» **Work to be completed**: Would you transcribe the whole listing exactly and drop its images?

» **Dataset section**:
# # # # # # #
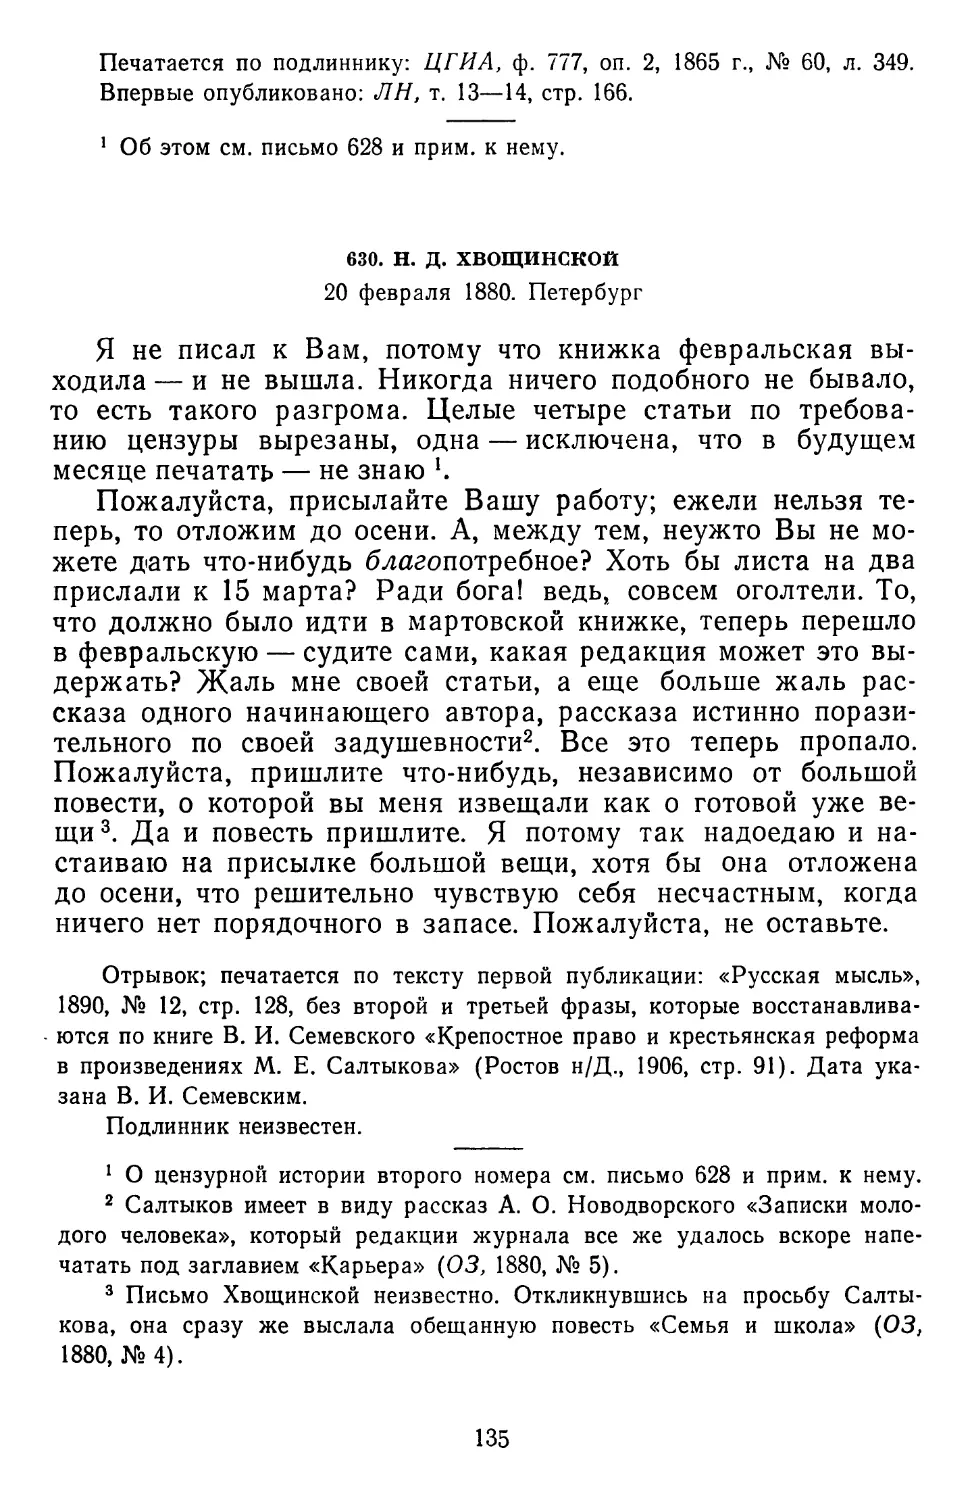 630.Н.Д.Хвощинской. 20 февраля 1880. Петербург
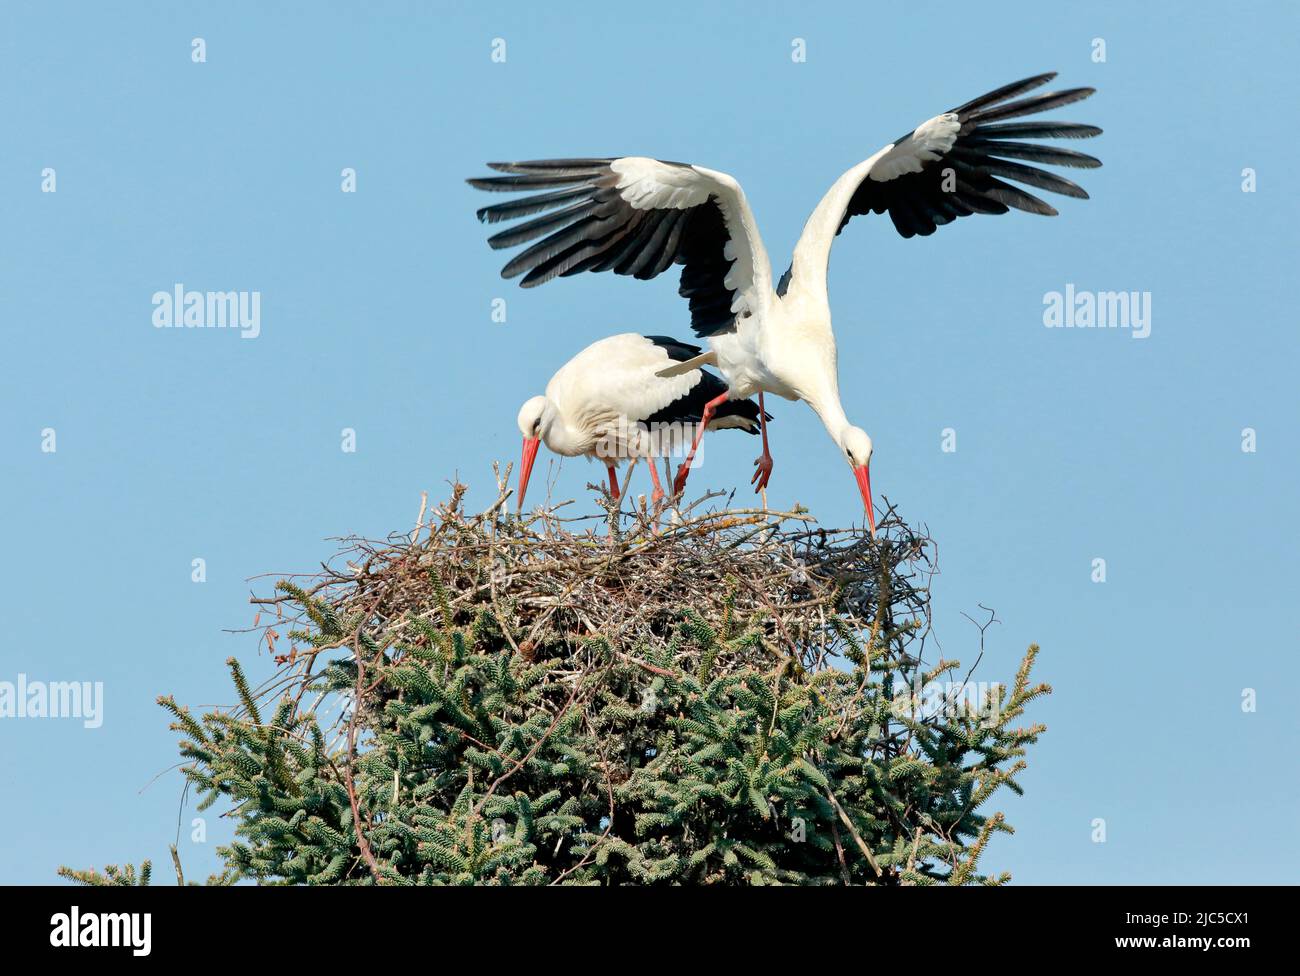 Männlicher Weißstorch fliegt für die Nahrungssuche aus dem Nest während das Weibchen zurückbleibt, Frühling, Oetwil am See, Kanton Zürich, Schweiz *** Foto Stock
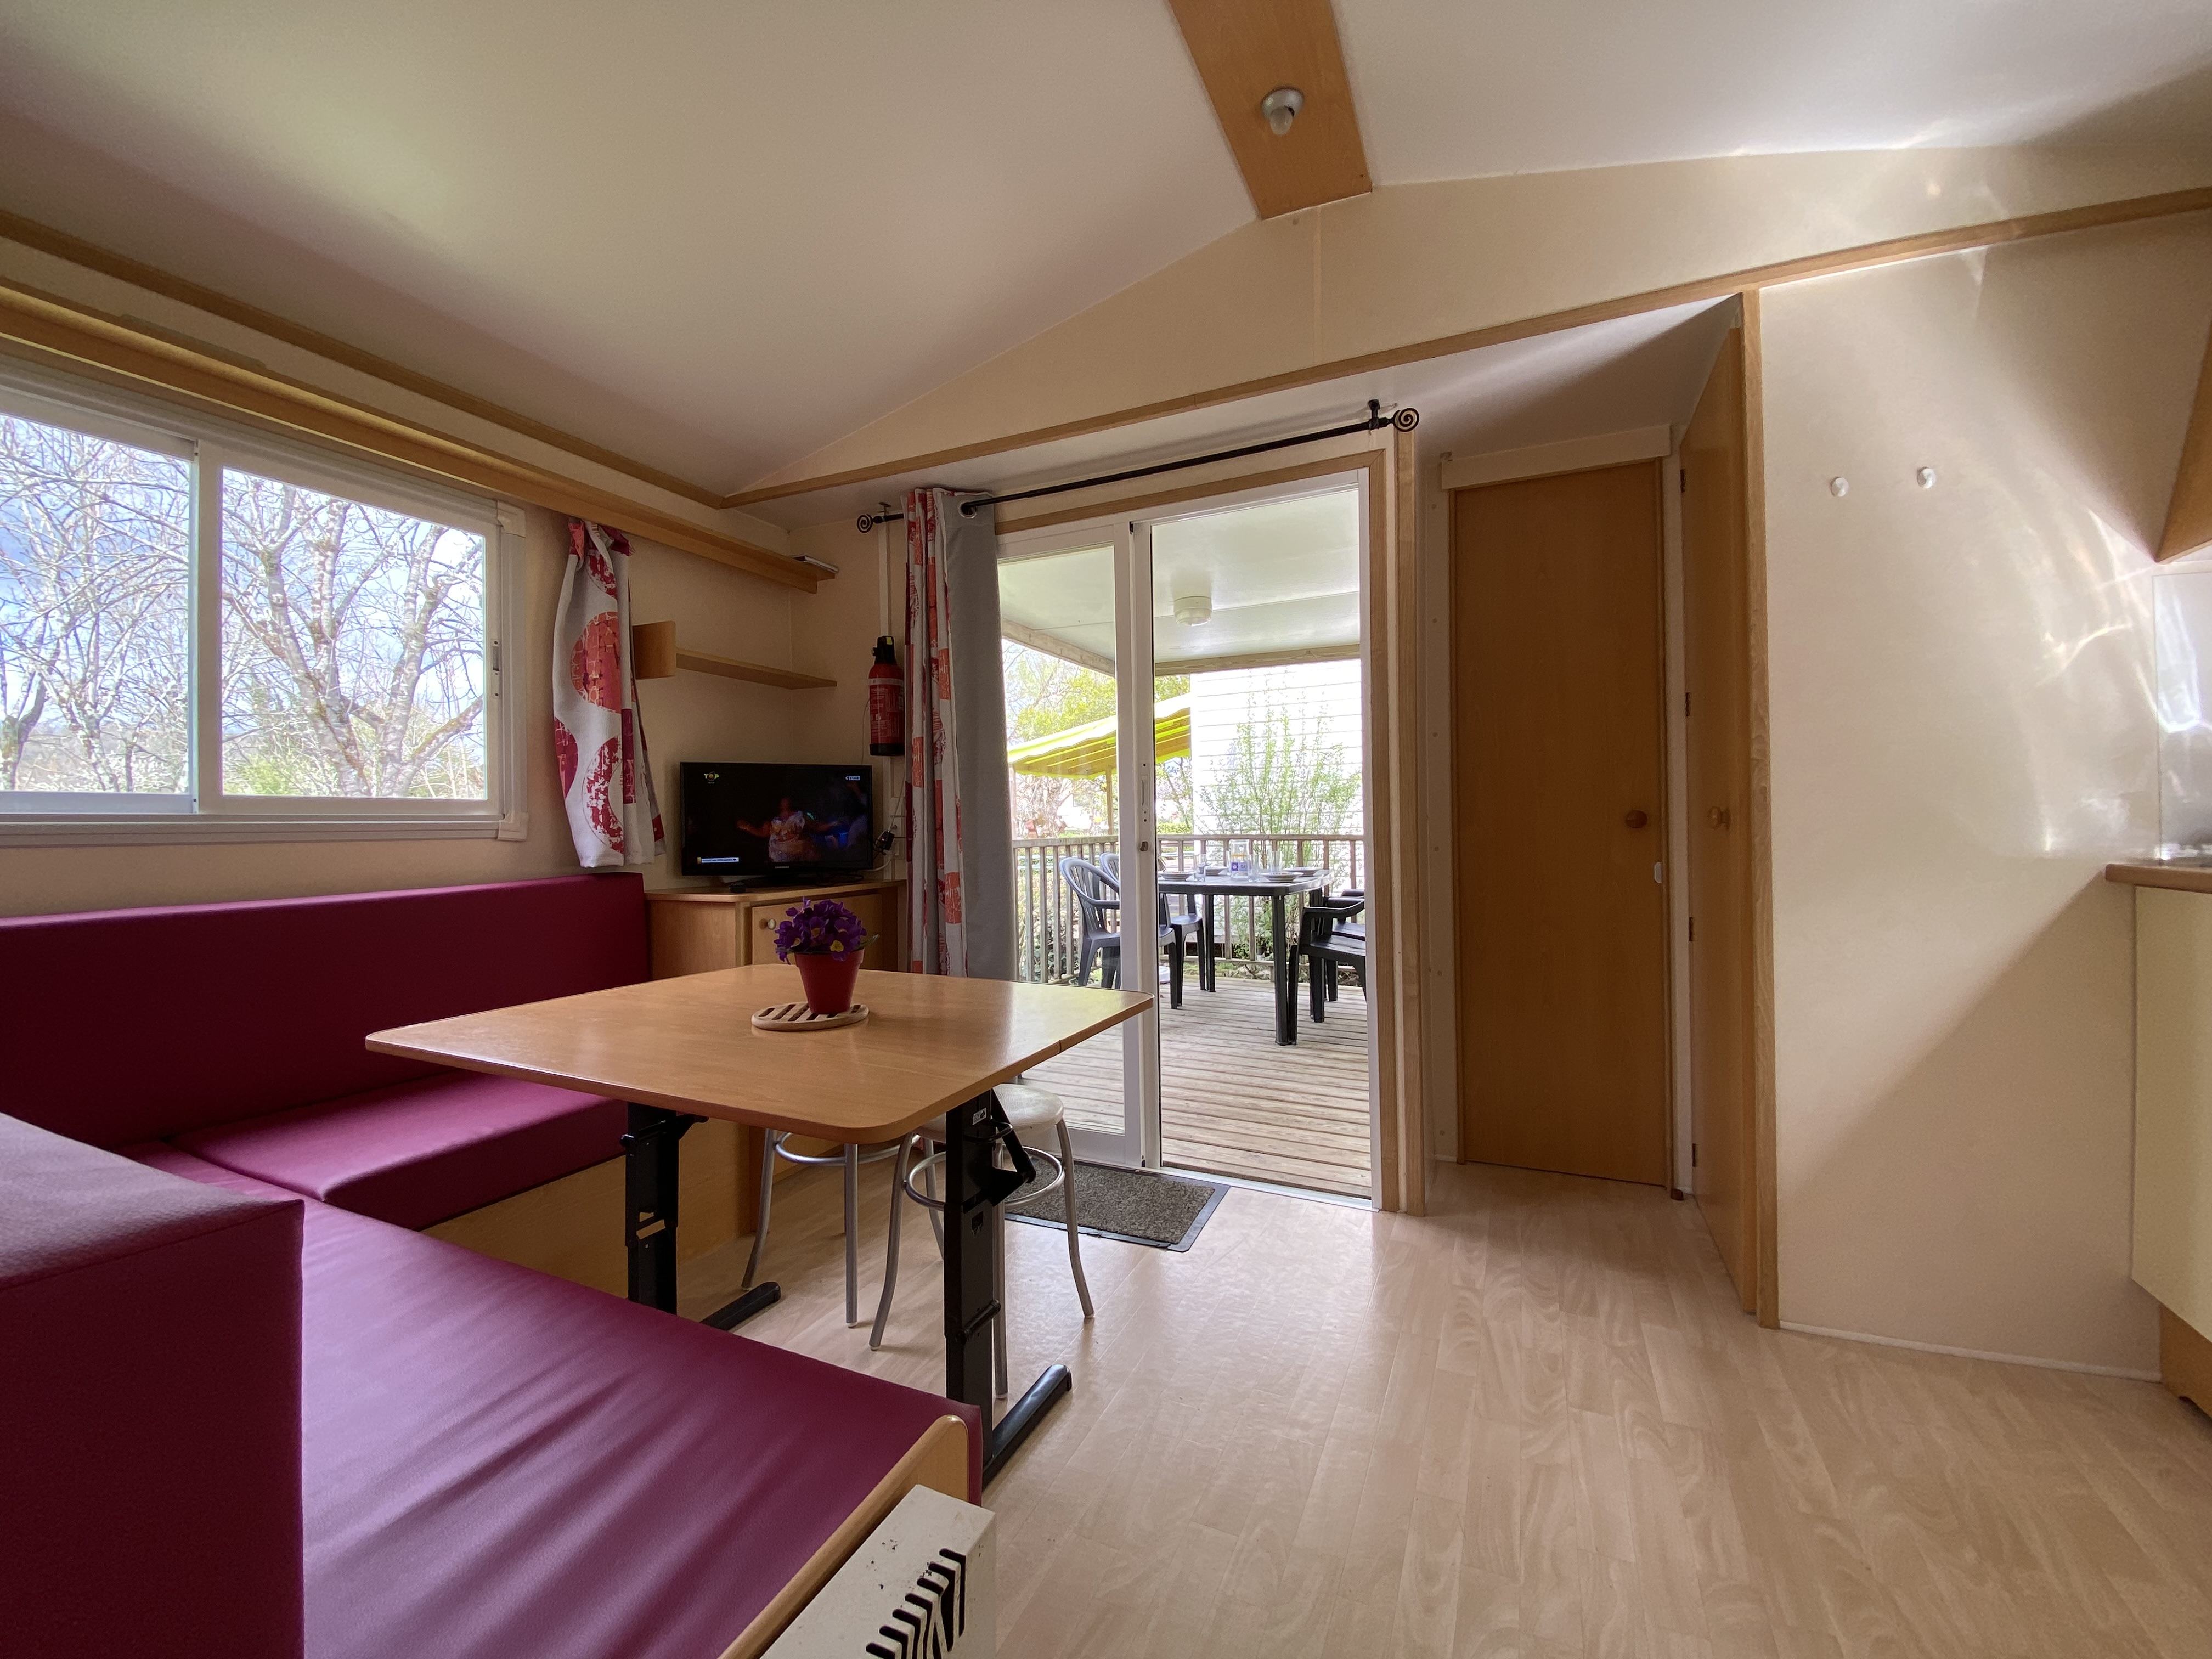 Mobil-home Roller 28m2, 2 chambres, TV, avec terrasse intégrée
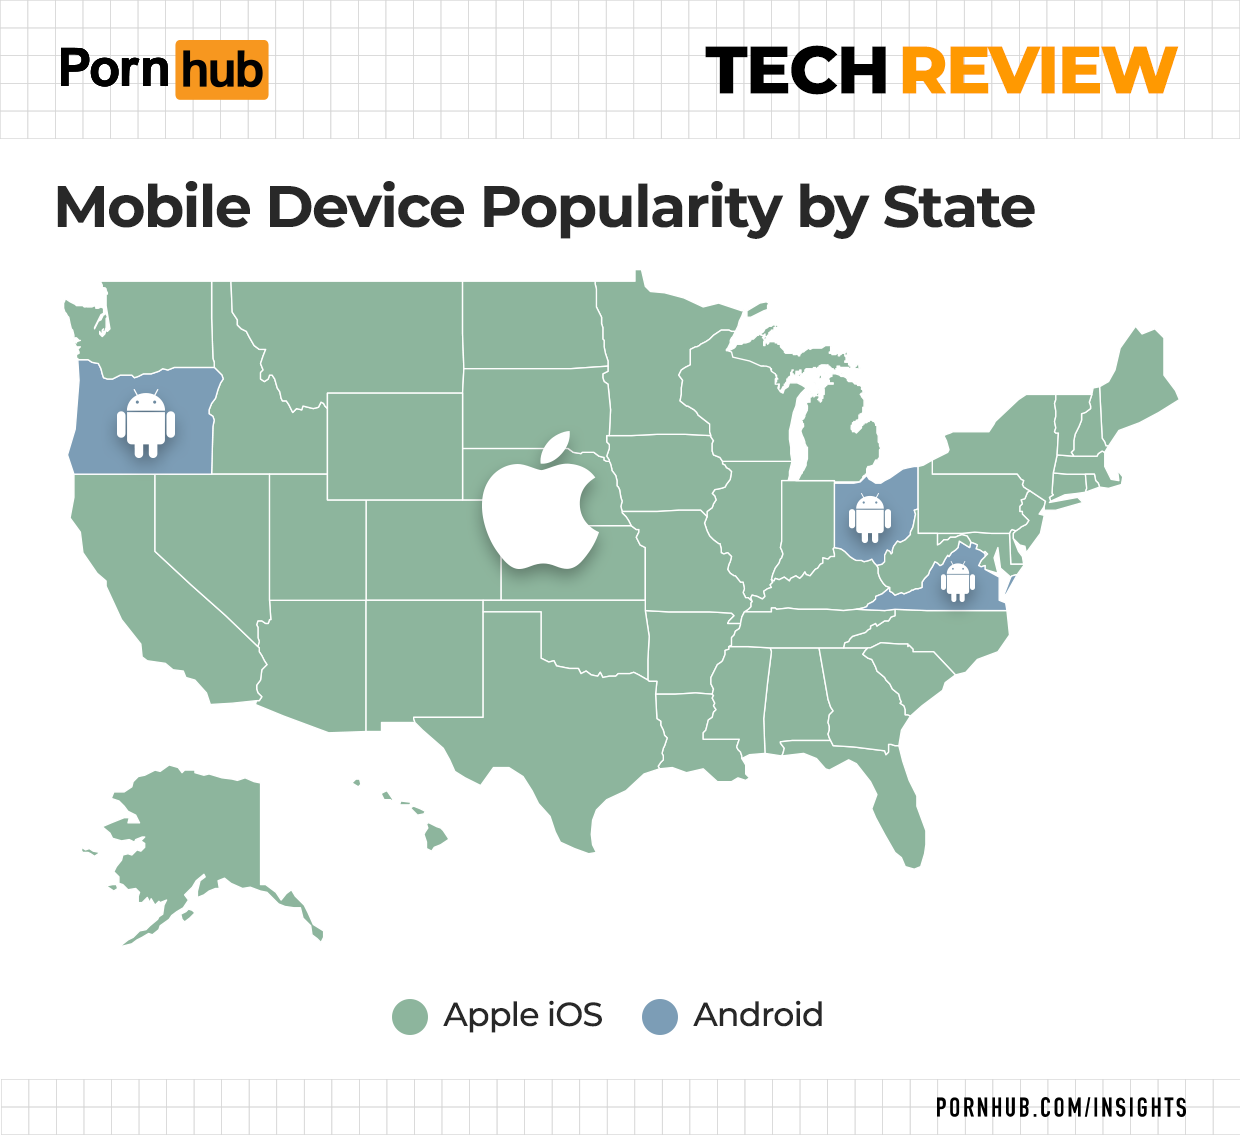 The Pornhub Tech Review image
# # # # # # #
» **Exercise output**:
 630.Н.Д.Хвощинской. 20 февраля 1880. Петербург
 Männlicher Weißstorch fliegt für die Nahrungssuche aus dem Nest während das Weibchen zurückbleibt, Frühling, Oetwil am See, Kanton Zürich, Schweiz *** Foto Stock
 Mobil-home Roller 28m2, 2 chambres, TV, avec terrasse intégrée
 The Pornhub Tech Review image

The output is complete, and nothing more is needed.